** SOURCE DATA **
.....
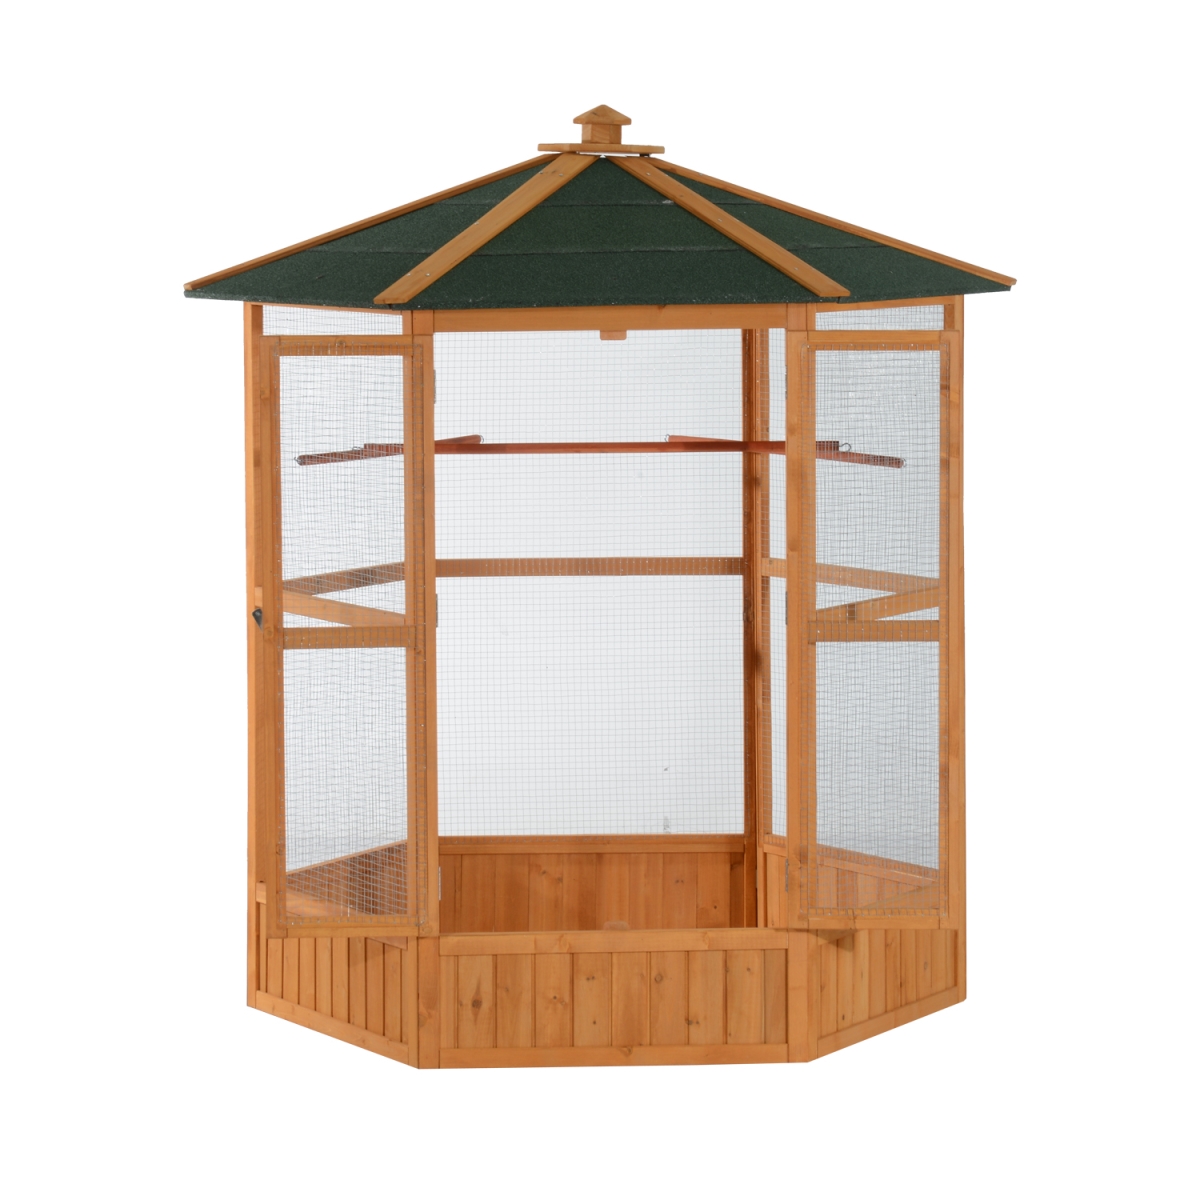 Picture of 212 Main D10-034-1 65 in. PawHut Large Wooden Hexagonal Outdoor Aviary Flight Bird Cage with Covered Roof 2 Extra-Large Doors & Roomy Design
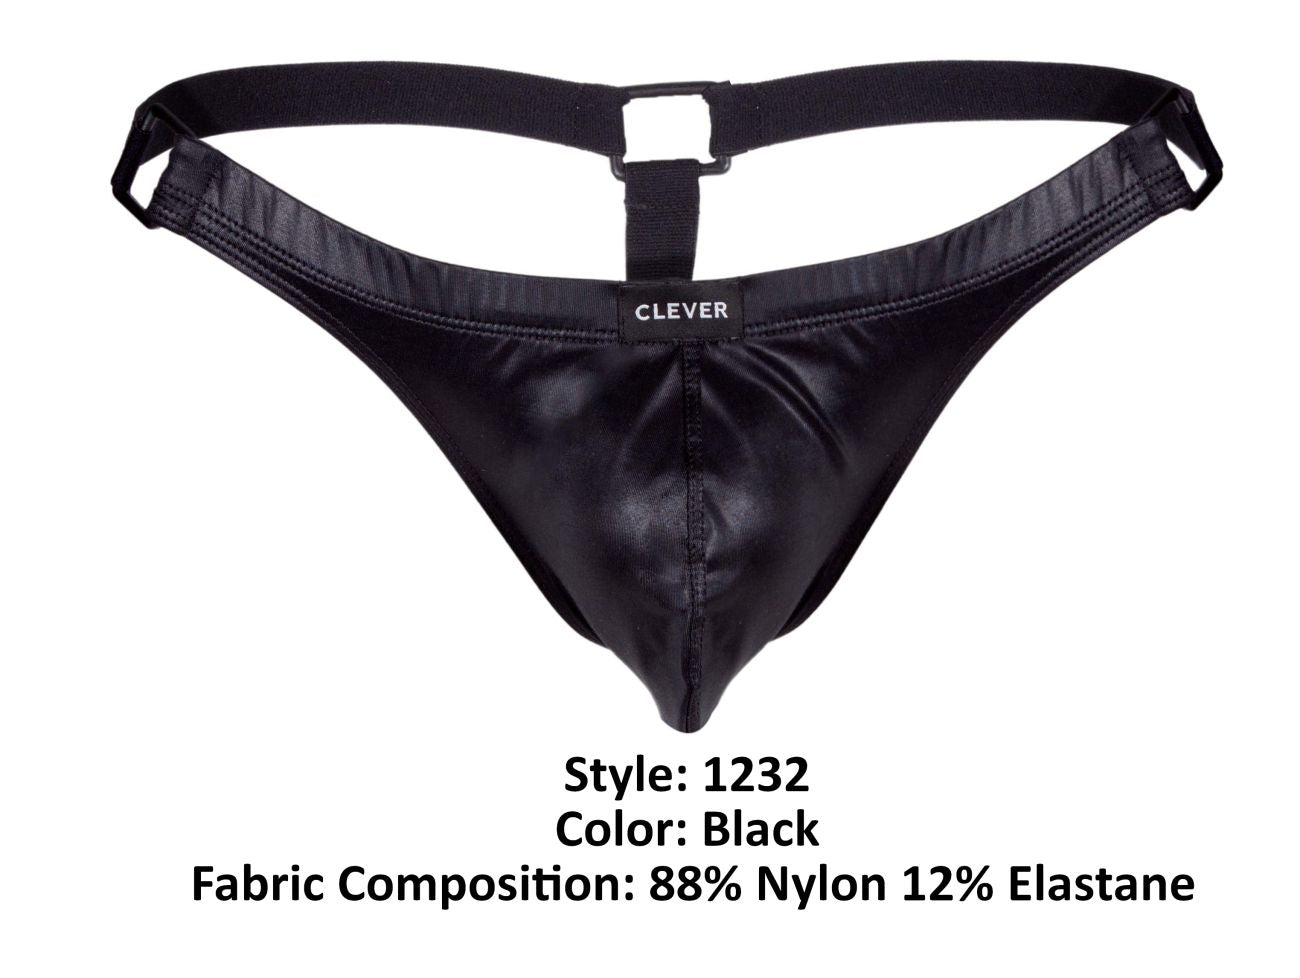 Clever 1232 Karma G-String with side Ring Black
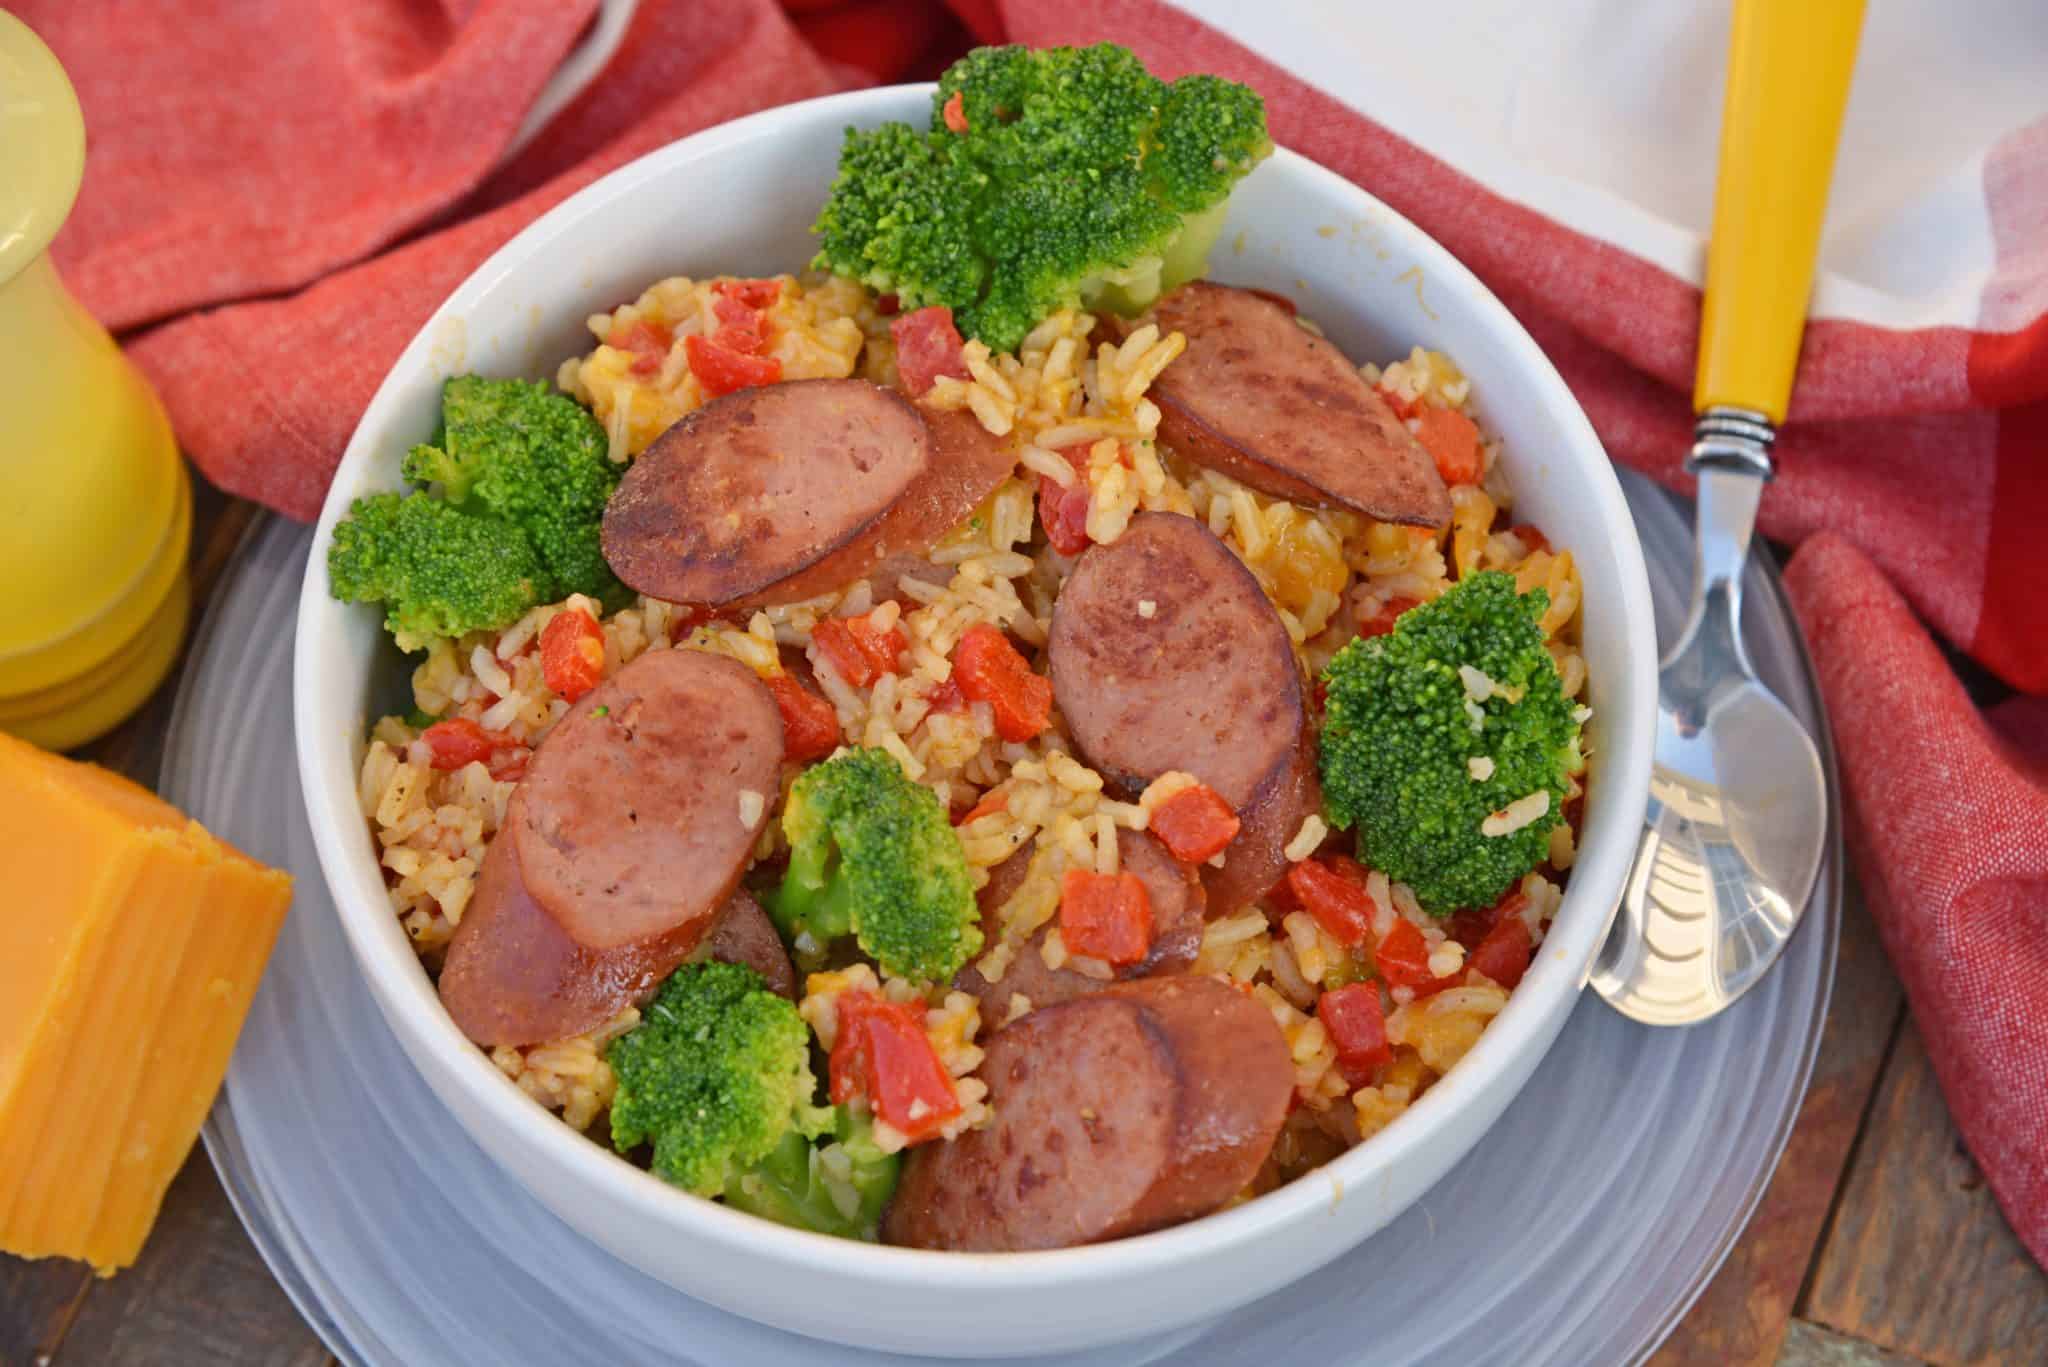 Sharp cheddar cheese tossed with rice, broccoli florets, roasted red pepper and tender Eckrich Smoked Sausage. Dinner is ready in just 15 minutes! #easydinnerideas #skilletmeals #onepandinner www.savoryexperiments.com 
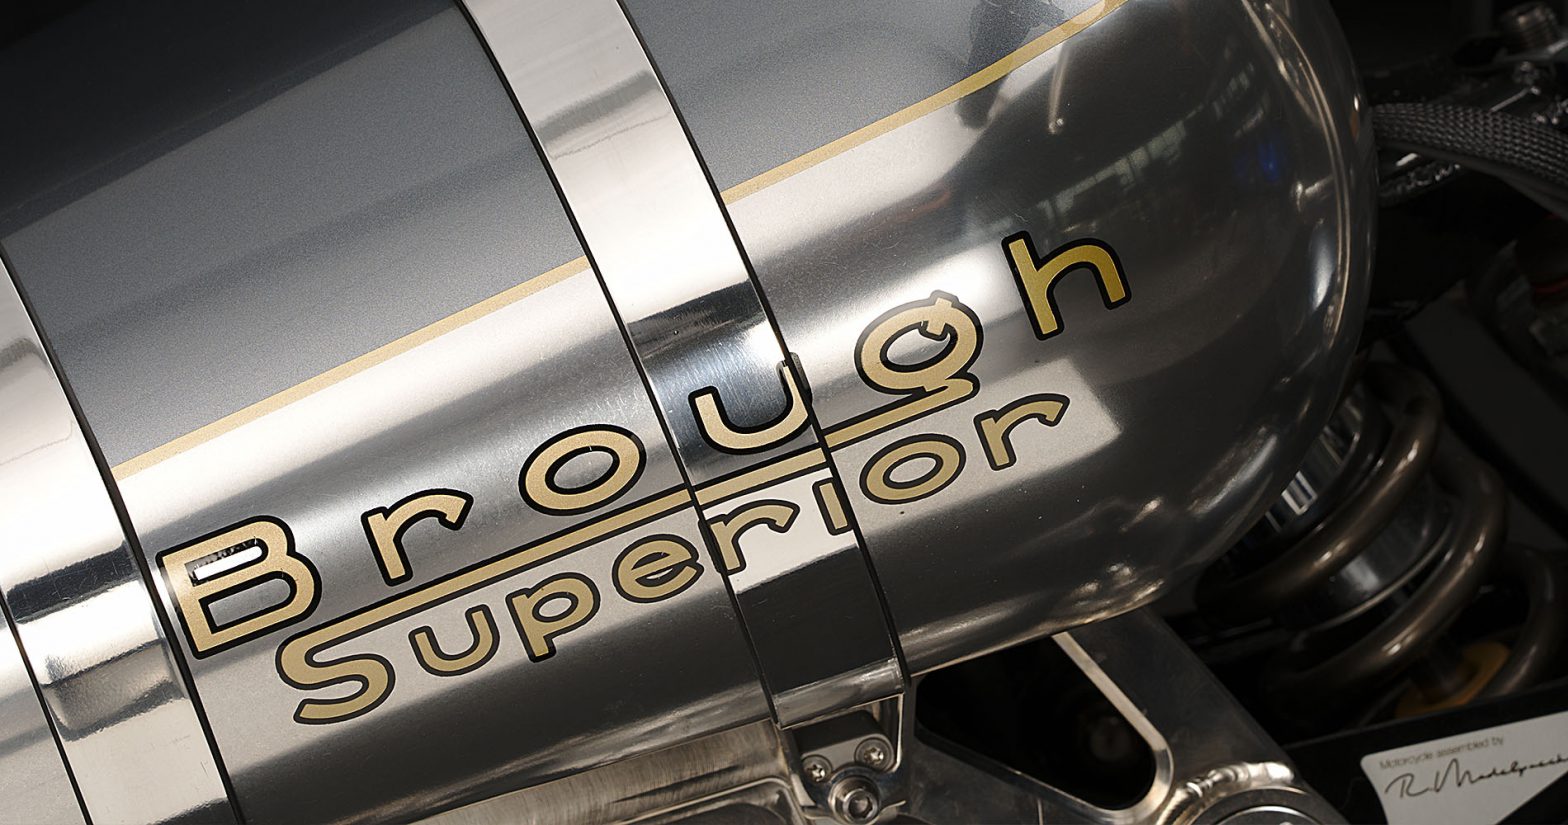 May 2020 – Australia and New Zealand Brough Superior Newsletter
.....
** PROBLEM REQUIREMENTS **
From the line that holds "Clever 1232 Karma" down to the last line of the material above, every line is to be copied exactly, both ends included; pictures are to be omitted.

** ANSWER SECTION **
 Clever 1232 Karma G-String with side Ring Black
 Sharp cheddar cheese tossed with rice, broccoli florets, roasted red pepper and tender Eckrich Smoked Sausage. Dinner is ready in just 15 minutes! #easydinnerideas #skilletmeals #onepandinner www.savoryexperiments.com 
 May 2020 – Australia and New Zealand Brough Superior Newsletter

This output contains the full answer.